Ecco: di qua, di là, dovunque lungo le spiagge,
i preparativi di partenza delle luci febbrili,
che salperanno fra poco verso l'infinito…
Come pirati inseguiti par che s'affrettino
ad ammucchiar su un veliero spettrale,
laggiù alla punta estrema di un promontorio,
grandi, preziose balle di nuvole scarlatte!…
Sono i tesori, sono i gonfaloni disusati
dell'Anima mia!… Dove mai li portate?
Il Mare ha già assorbito
il sangue vermiglio della Sera,
tutto luccicante di pagliuzze d'argento,
ed ora lentamente il grigio cielo incurva
le sue vôlte di cripta funeraria,
ove letargiche Stelle, sospese ancora per un artiglio,
sembrano strani pipistrelli dalle palmate ali d'oro!…
Sinistramente allineate su le banchine cupe, tutte avvolte
in folte brume d'incubo,
le Gru colossali si trasformano
in kanguri fantastici di bronzo, giranti su sè stessi.
I marsupii capaci delle lor pance son pieni
di minuscole ombre,
gesticolanti confusamente, al crepuscolo,
nel fumo degli aliti loro!…
Il Mare, in lontananza, sontuosamente arricchito di tutte le luci cadute dal cielo, va delicatamente mutandosi in un magico deserto dall'auree sabbie ondeggianti che all'infinito si stendono. Ombre violette le increspano, e un vento ingegnoso le squama e le niella con carezzevoli soffi, con lente puerili moine.
Le Gru colossali, kanguri di bronzo allineati sulle banchine, col collo teso sinistramente spiano prede sul mare!… Ed ecco avanzarsi un piroscafo che volge diritta la prua verso di me. io lo vedo ingrossarsi, come una enorme palla, sotto i suoi grandi alberi branditi come lance!… A lunghi passi pesanti s'approssima sotto l'acque movendo le sue zampe immense, simile ad un fantastico dromedario che attraversi, con l'acqua a mezzo il corpo, il roseo guado placido di un Nilo paradisiaco in molli curve irrigante un'ampia prateria del cielo…
Altro non è che un miraggio di questo mutevole mare, dalle chimeriche sabbie d'oro!…
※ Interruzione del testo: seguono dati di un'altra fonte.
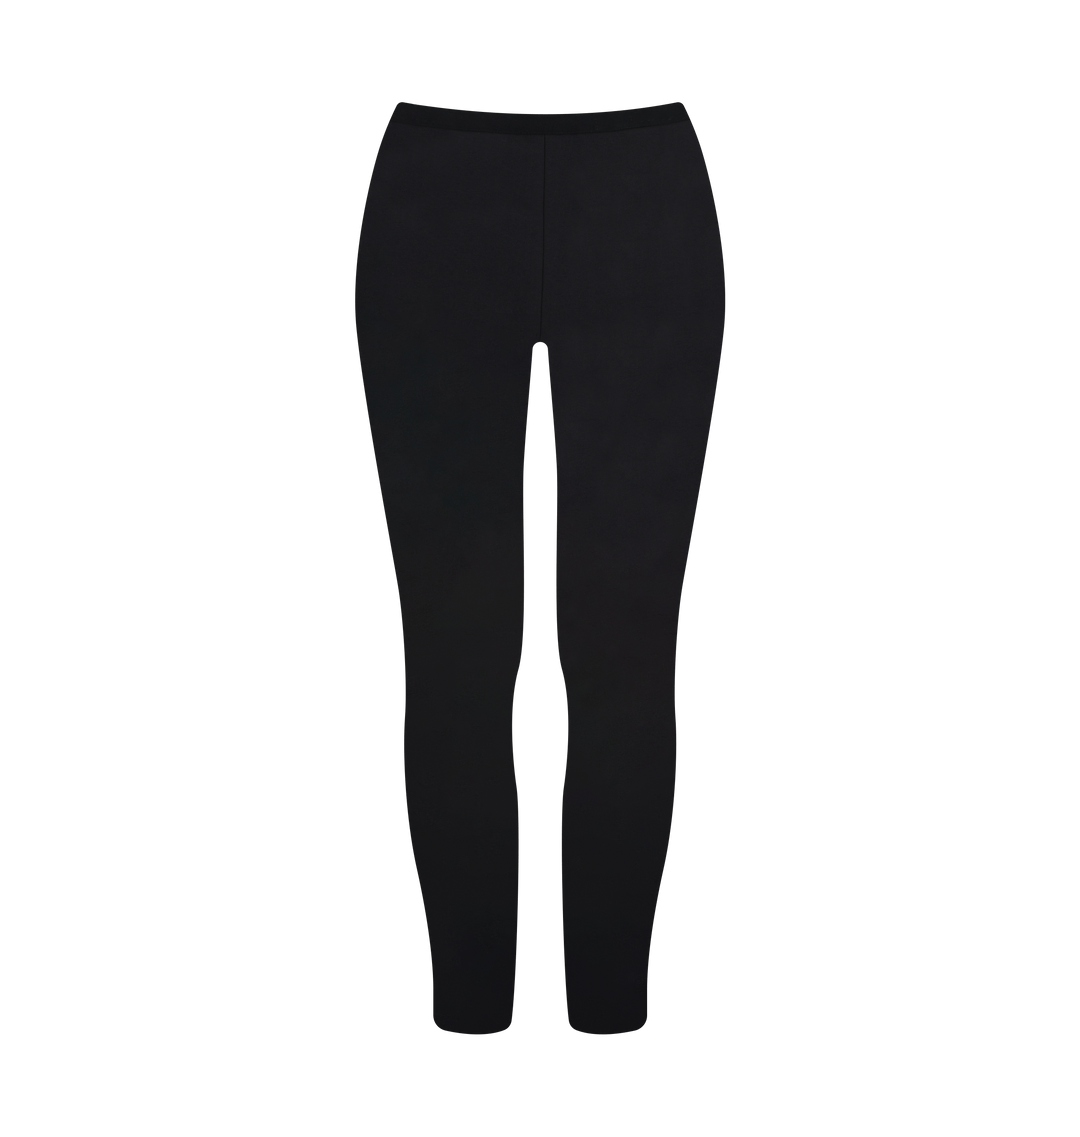 GulGuli Cotton Leggings Pack of 6 (Black,White,Royal Blue, Light

Or nella dubbia luce del crepuscolo, lo strano dromedario s'immensifica, intenebrando la banchina con l'ombra sua che s'allarga… Ai lati della gobba formidabile oscillan lentamente le smisurate saccocce d'una bisaccia nera, ov'io scorgo orecchie colore di rame, alla rinfusa, aguzzate dall'attesa, ritte verso l'orizzonte occidentale… lunghi, fioriti dorsi d'impossibili pecore, fra caftani nerastri… e cataste di gabbie… e fucili lunghissimi, damaschinati, da beduini, alti com'alberi di nave, nella bruma della sera.
Ad un tratto la luna, bianca e succosa di luce,
spaccandosi in mezzo al cielo come una favolosa noce di cocco,
dondola e rotola giù
sul mobile dorso del dromedario.
Urrà! Urrà!… È quello, è quello il frutto
che può saziarmi, il frutto che da sempre
la mia anima invoca
per la sua sete bruciante di viaggiator del deserto!…
Solo io sono, ritto. nudo e tutto grondante su un alto ammasso di coke, e accanto a me, fra dense nebbie d'incubo, le Gru van raschiando lentamente col loro collo di bronzo fatidico le profondità, paurose dell'orizzonte. Il loro gozzo, pieno di tintinnanti catene disfrena a tratti lo spavento bianco de' suoi muggiti lunghi e gutturali di vapore. Allora, allora, come una molla, scatta il mio cuore, in alto…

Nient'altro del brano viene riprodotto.